Guess it's time to pick a few to take home!
Such sacrifices must be made for the benefit of the garden.

 The tomatoes we worked on two weeks ago are growing stronger.

 These crops, which were planted earlier in the season,
will soon be caged to ensure they have proper support.
Lynn's goal is to have tomatoes year-round.
Imagine that!

Scallions were harvested for the farmer's market and they practically sold out.
No surprise there.
We are scheduled to plant a new row next weekend.

The Brussels sprouts will be harvested as is
and the plants will be removed from the pots.
Lynn feels that they won't grow to their potential
and he plans to try them again in the fall 
when weather conditions are more favorable.

I can't tell you how much we've been enjoying the broccoli tips.
They are so tender and sweet,
you just know they have to be good for you!

Collards are selling out at the market as well.

 The arugula is bolting, but hasn't yet become bitter.
This batch under the shade is faring well enough that 
leaves can still be harvested and enjoyed.

 Some of the lettuce is going to seed as well...

but thankfully, there is more to be found elsewhere in the garden.

The New Zealand spinach is just plain tuckered out.
This will be taken out of the pots
to make room for new plants, possibly okra.

This bay of spinach is younger and looking pretty good.
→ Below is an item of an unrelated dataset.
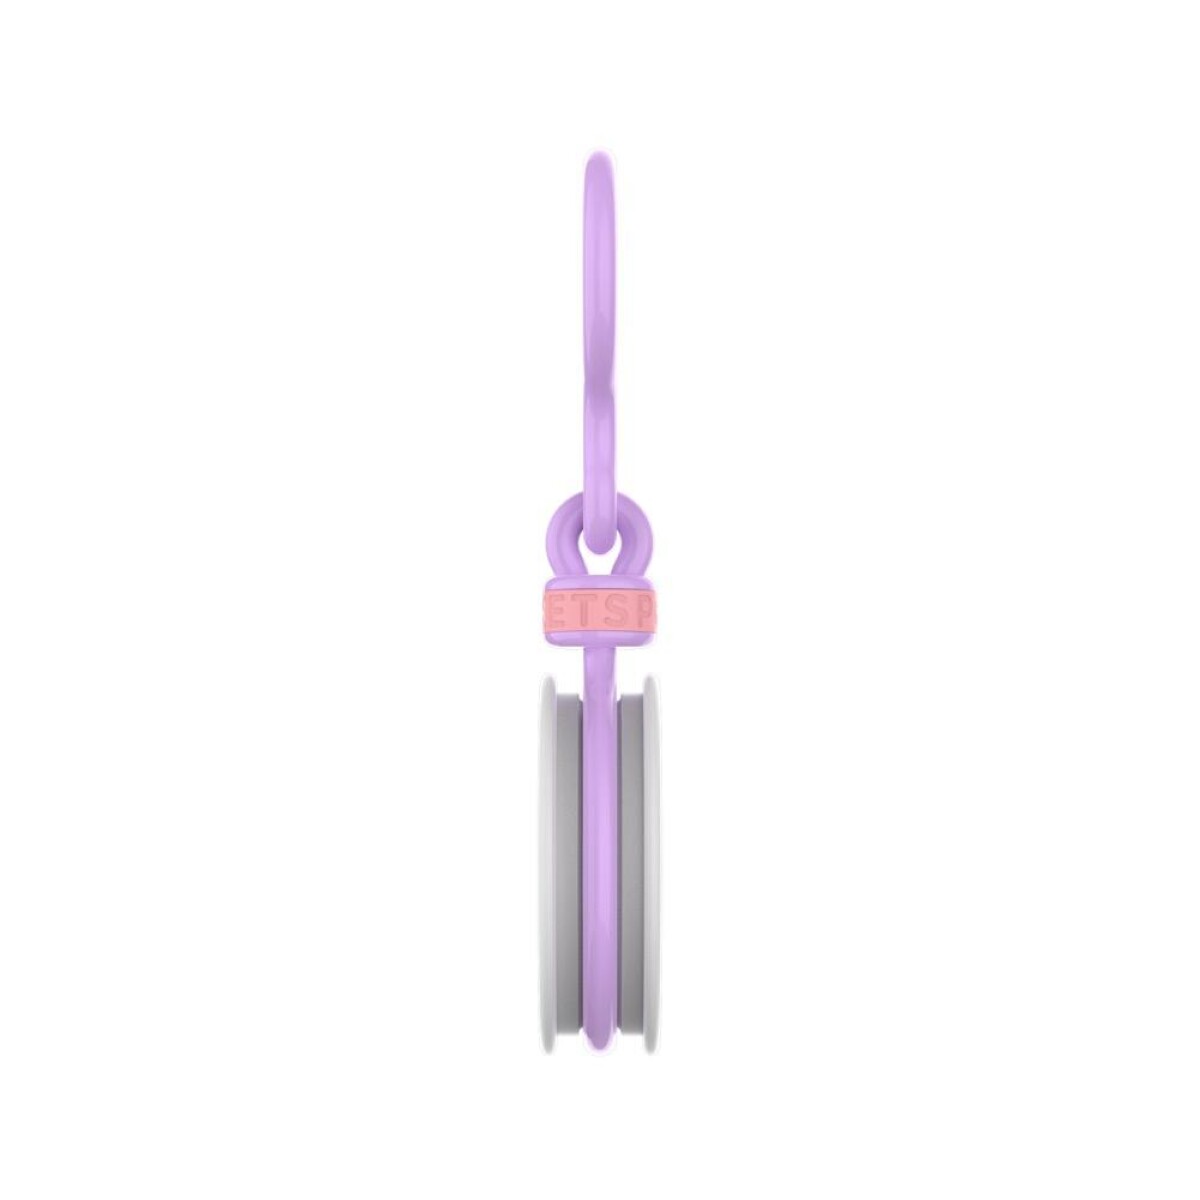 Popchain popsocket - Popchain violeta iris

After Faye and I finished making soil,
(that process can be seen here),
the leeks needed to be transplanted.
I'm more than happy to oblige!

As evident by the rootball,
these beauties will relish the extra space to spread out.

Depending on the size of the pot,
we transplanted 3 or 4  leeks.

These are a wonderful substitute for onions or garlic,
for those who enjoy a subtler flavor.

As the leeks grow taller, 
soil is added to the pots.
This ensures an abundance of the tender white portion.
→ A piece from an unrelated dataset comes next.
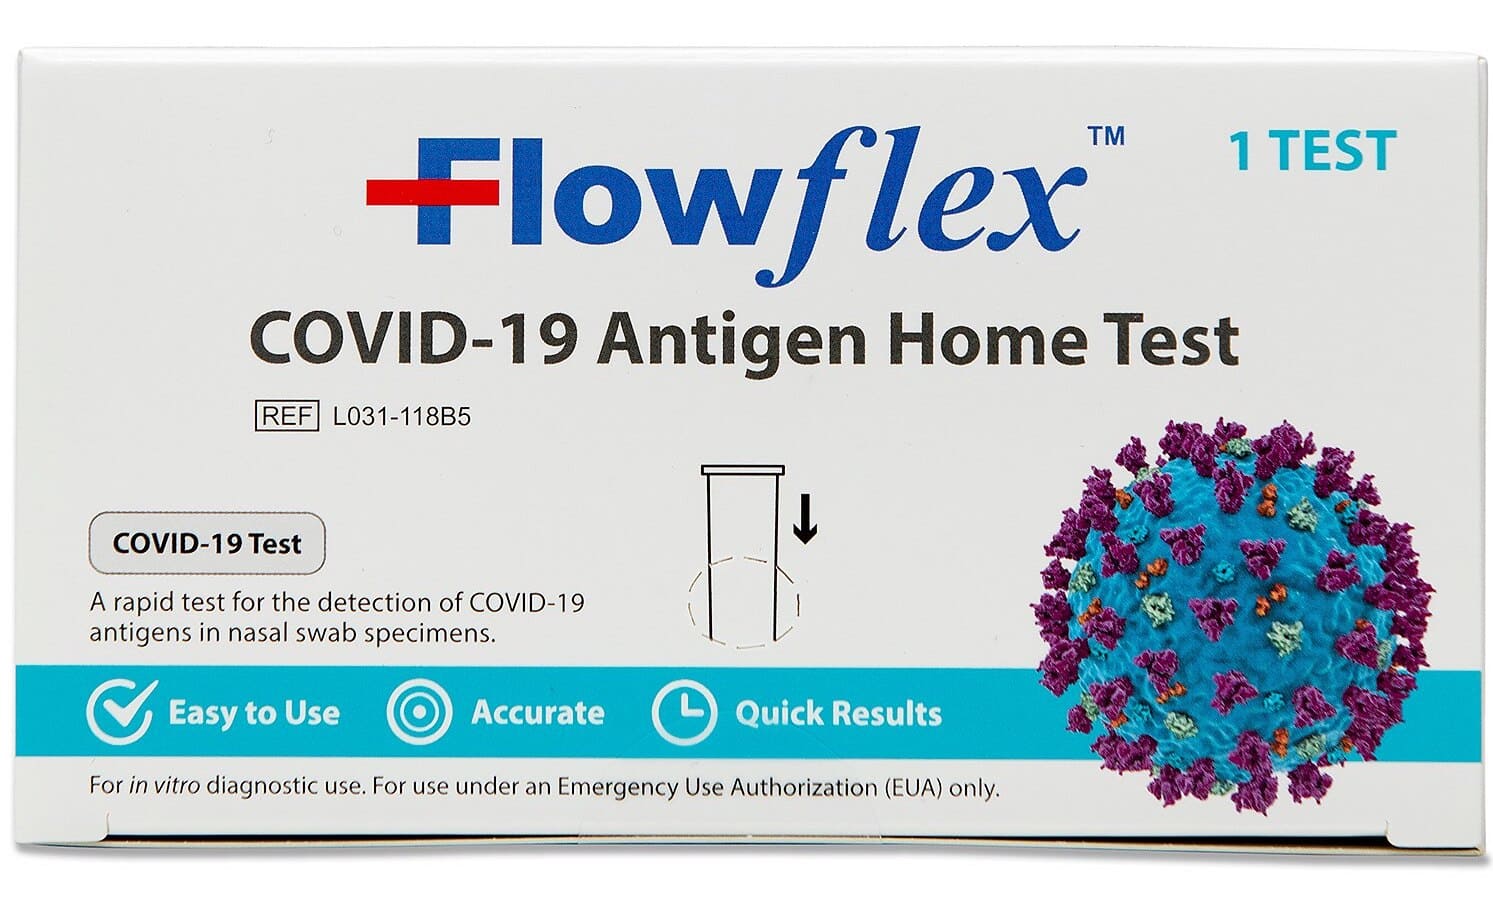 Flowflex Prueba Casera de Antígeno del COVID-19

Even if I've just eaten before I arrive,
I always get hungry seeing this array.

As well as tending a tremendous vegetable garden,
Faye and Lynn are the stalwart stewards for a colossal collection
of impressive trees and unusual ornamentals.

Golden Shower Tree

The photos of this hickory tree
really don't do it justice.
The color is unbelievable.

It's one of the resident squirrels' favorite hang-outs.

This eucalyptus tree was knocked over during the hurricanes of 2004.
It survived and you can see the branches growing out of the fallen limbs.

bridal wreath spirea

Regina Iris

Spring came in like gangbusters!
We look forward to savoring the season
with two very dear friends
who have forever changed my life.
Blessings be...

Spring Series
Week Two 

Spring has sprung at 
Farm School.
This week found us enjoying a cool, sunny day
that motivated us to tackle a few vital chores.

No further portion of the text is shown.